Here’s where it gets interesting for users: the agent writes its own skills. Finish a gnarly multi-step task, say pulling churn data, cross-referencing support tickets, and formatting a weekly retention summary, then tell Hermes to “save what you just did as a skill called retention-report.” Next week you type /retention-report and the whole procedure runs from the playbook. Skills can even edit themselves when they hit a snag mid-run, and a recent release added an autonomous Curator that grades, consolidates, and prunes the skill library so it doesn’t rot.

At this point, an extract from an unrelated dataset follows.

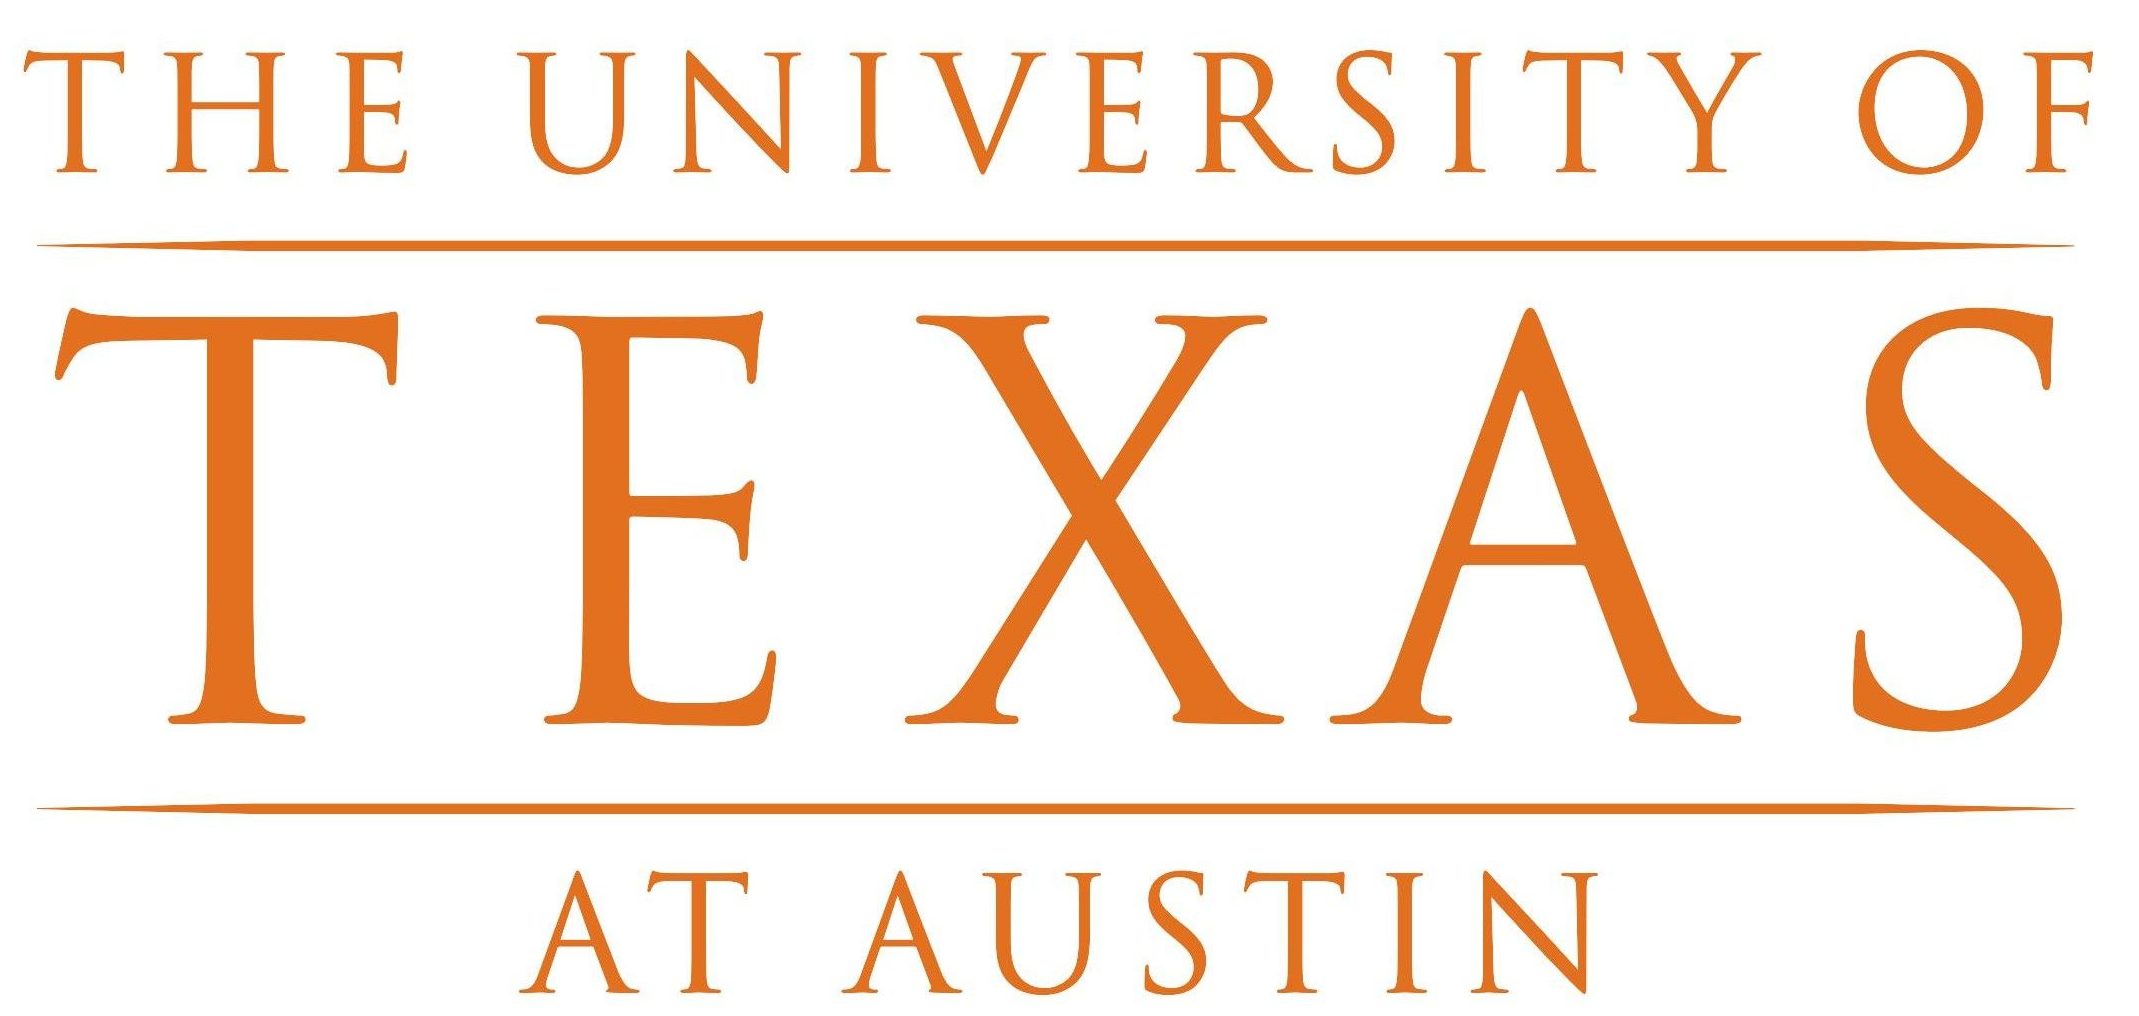 University Of Texas At Austin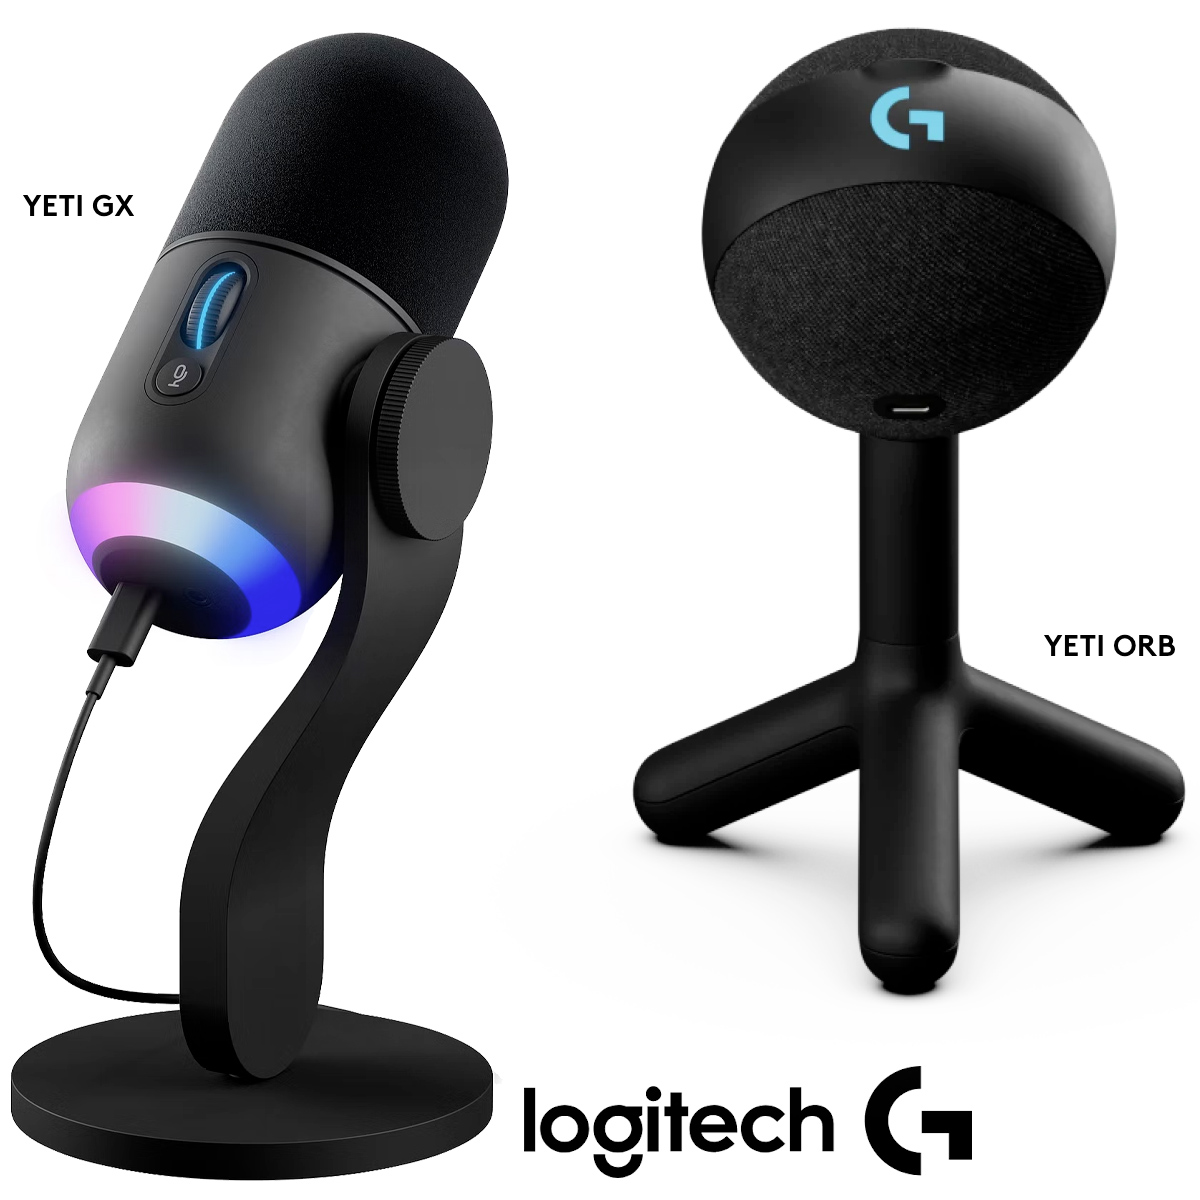 Microfones RGB Logitech G Yeti GX e Yeti Orb

One strategic detail: Hermes skills use the SKILL.md format that Anthropic published as an open specification in late 2025, a standard that Microsoft, OpenAI, Google, and dozens of other tools adopted within months. Your skills are portable files, shareable through a community hub, not assets trapped in one vendor’s silo. Nous chose interoperability over a moat, and rode a standard instead of fighting one. That’s a move worth studying.
The compounding effect
Put it together and you get the actual product promise. Week one, Hermes is a capable but generic assistant. Week six, it knows your stack, your tone, your recurring reports, and has a dozen private skills for your specific workflows. The switching cost isn’t a contract. It’s an accumulated relationship. That’s the retention mechanic, and it’s a more honest one than a data-export fee.